The World (89 Degrees), ,1989, dimensions unknown, Zaha Hadid Photograph: a section of the original image together with reflections of photographer and visitors, Gillian Lock-Bowen, 2017

Fig. 8

Metropolis, 1988, dimensions unknown, Zaha Hadid,

Woods states that the key to understanding these paintings is fragmentation:

Animated bits and pieces of buildings and landscapes fly through the air. The world is changing. It breaks up, scatters and reassembles in unexpectedly new, yet uncannily familiar forms…Fragmentation can be philosophical, too. It can be systematic and not merely chaotic or accidental…Only when established forms are broken up are they susceptible to change. Woods, 2008, pp 31-32.

While examining the content of the exhibition of Hadid’s early painting and drawings at The Serpentine, I realised that her vision was not simply about beautiful buildings, but also visions of new cities and radically changing city and landscapes.

Coincidently, I visited Rome a year ago; a city renowned for its ancient social, political, cultural and architectural history. Without knowing the architect was Hadid, I walked around the outside of the Maxxi Museum late one evening.

Fig. 9 Maxxi Museum, Rome, 2009, Zara Hadid Architects

Fig. 10 Maxxi Museum, Rome, Design, 2009, Zaha Hadid

My Italian friends told me that the building is controversial; it certainly introduces a radically new form of architecture to the City.

I imagined that my visit to Rome would open-up many new perspectives and was keen to get a sense of at the scale and splendour of the ancient Roman sites – vast ruins exposing the foundations of the social and political history of modern Rome.

The Maxxi Museum revealed that there are contemporary architectural visionaries in Rome and that it is a city with the capacity (if not the capital) to build a powerful contemporary city of stunning, beauty and efficiency.
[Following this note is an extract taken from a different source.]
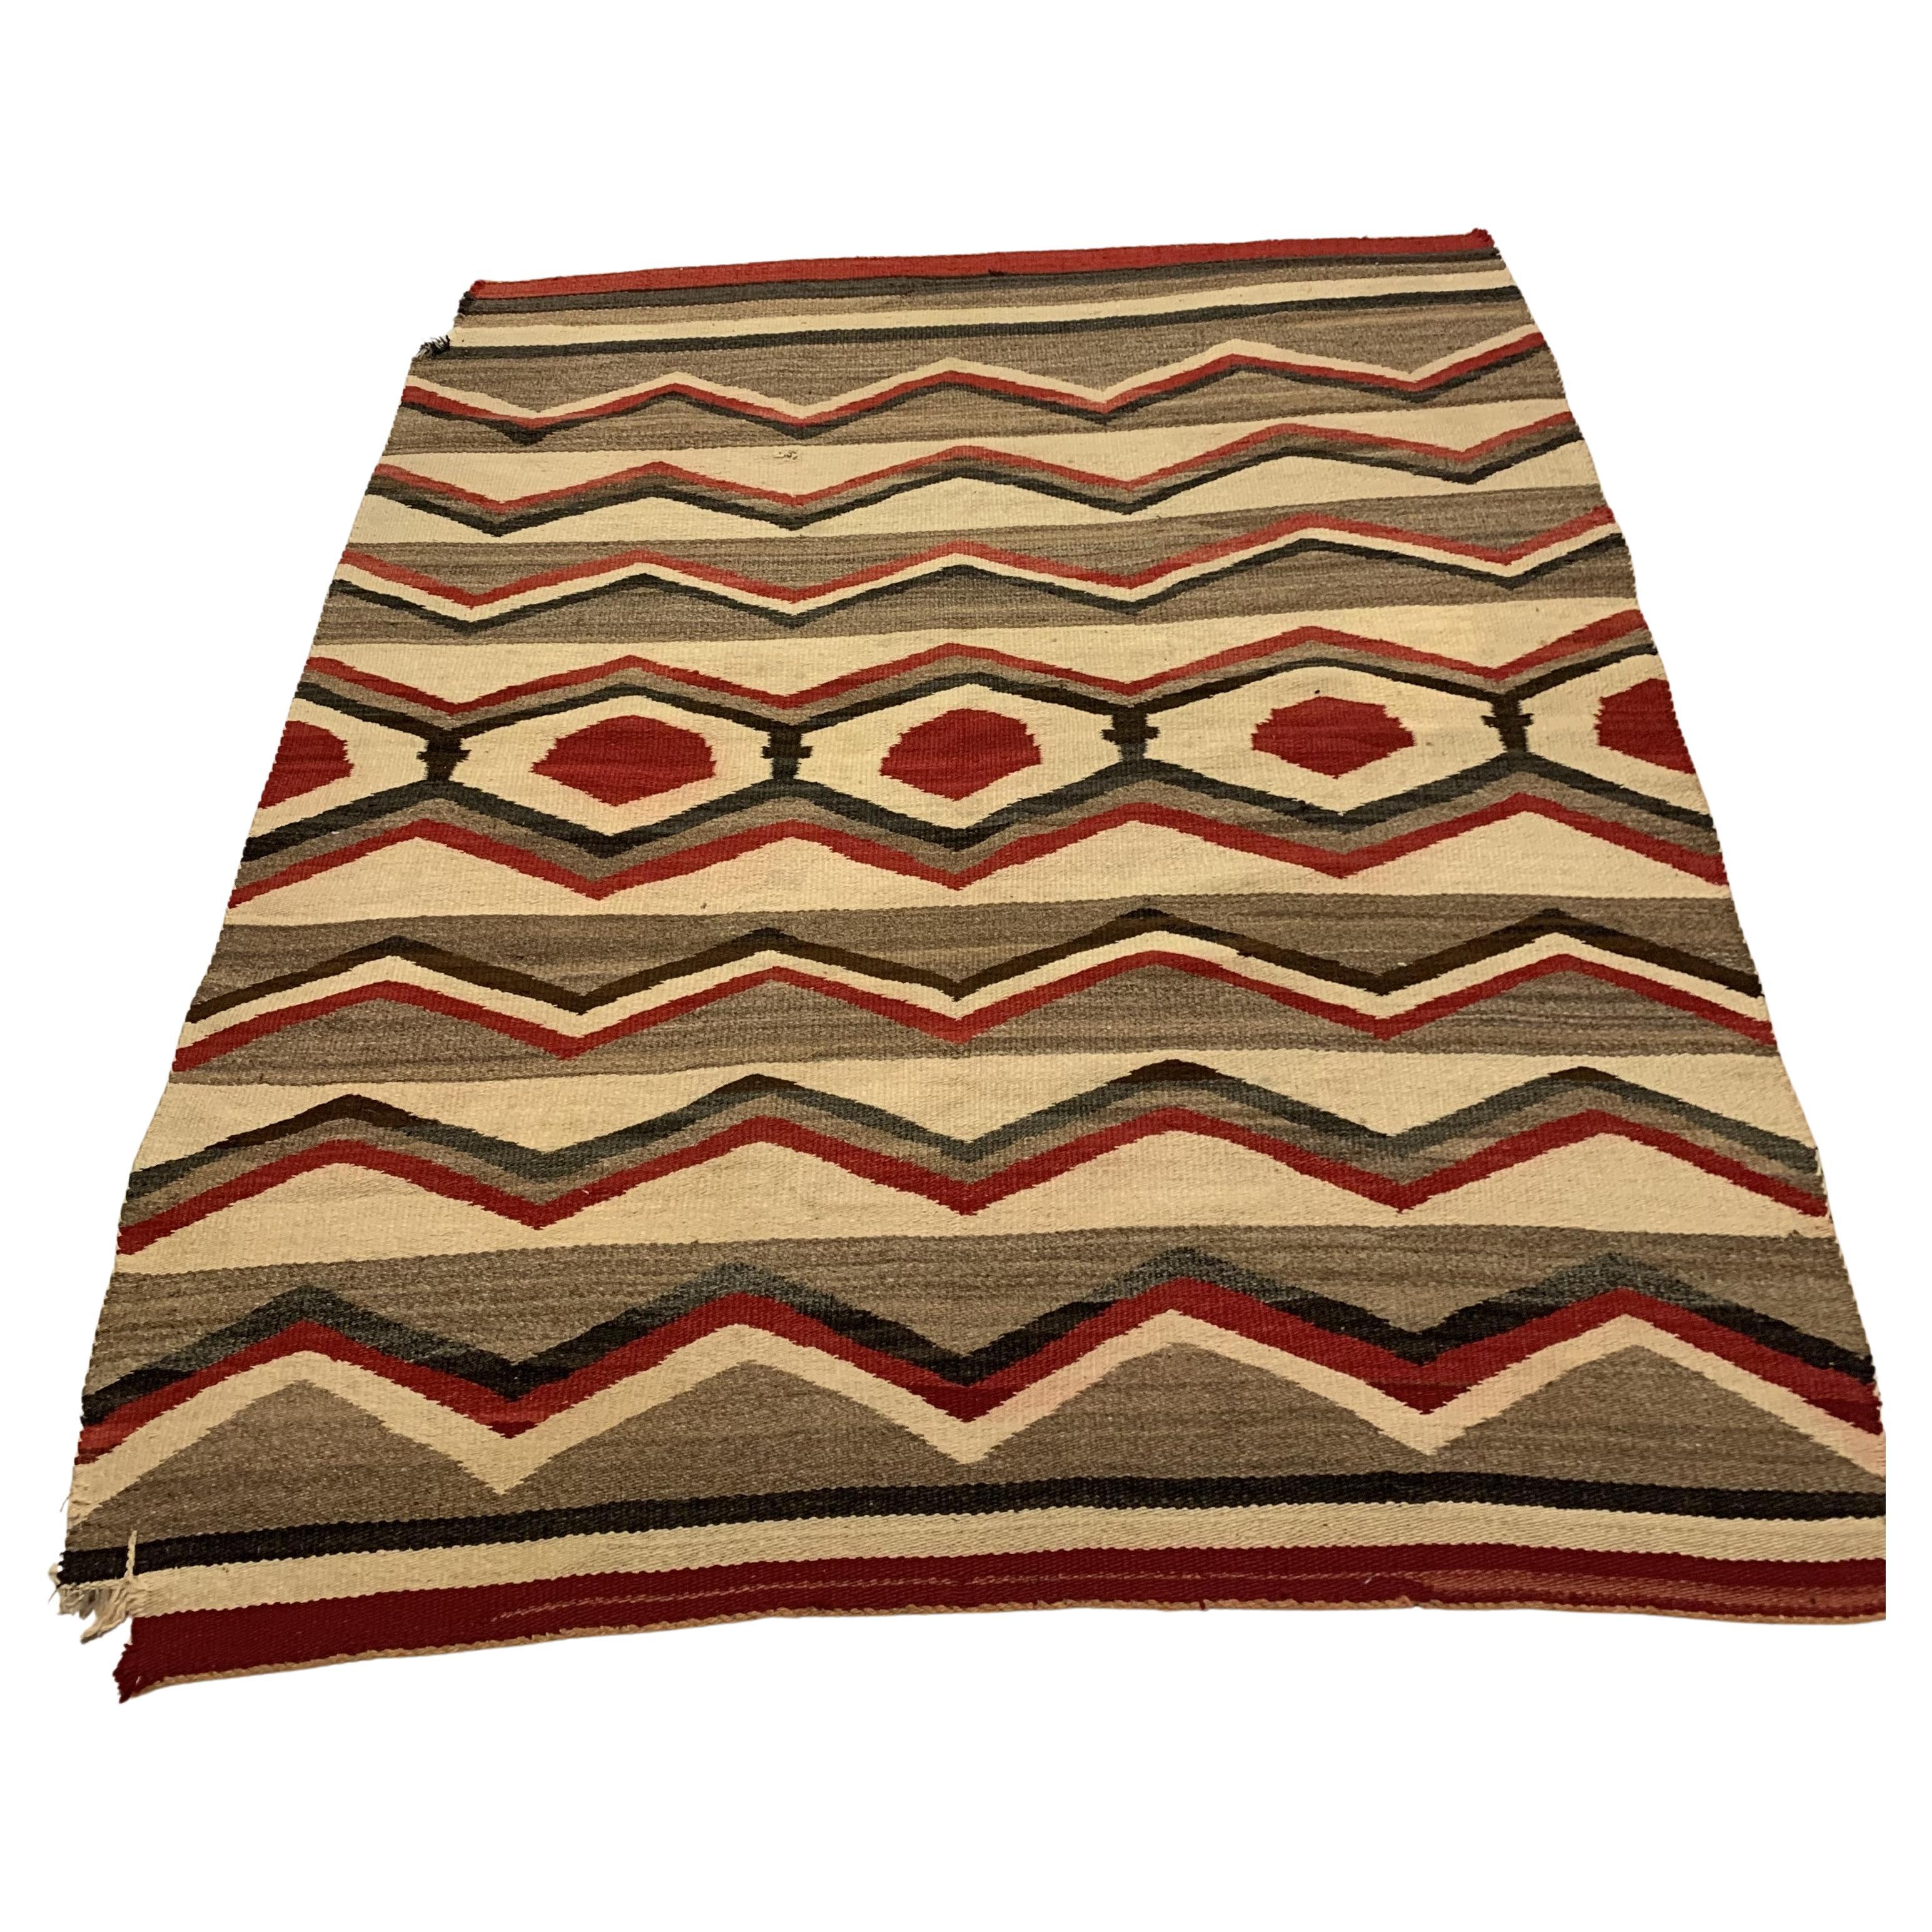 Handmade Antique Native American Navajo Rug Blanket 4.6' x 5.4', 1900s - 2B22

Woods (2008) also notes that the fragmentation evident in Hadid’s early paintings and drawings is inherently democratic involving choice. I felt dazed by amount of decision making evident in Hadid’s complex, large-scale drawings which consist of millions of tiny convoluted or stand alone choices; the outcomes of which contribute to her overarching – magnificently ambitious – vision of new worlds as seen in Figure 11.

Fig. 11 Changsha Meixihu International Culture Art Centre, acrylic on canvas, 1134 x 949 cm, 2017, Zaha-Hadid

As Hadid’s work evolves it appears to move away from a sense of fragmentary angles and channels shattering and slicing through space – a radical breaking away from – towards a sense of curvaceous fluidity. The sense of explosion moves from forms to events moving energetically and cohere at the level of vision.

Like the universe, Hadid’s drawings contain the promise of infinite expansion.

Upon reflection, what I have learnt from this exhibition which I will take forward into my current project is:

Drawing is a means of filtering and locating – e.g. filtering out habits, locating pockets of energy vying for expression.

Action: I intend to draw, analyse and make decisions before I paint my next series of abstracted images.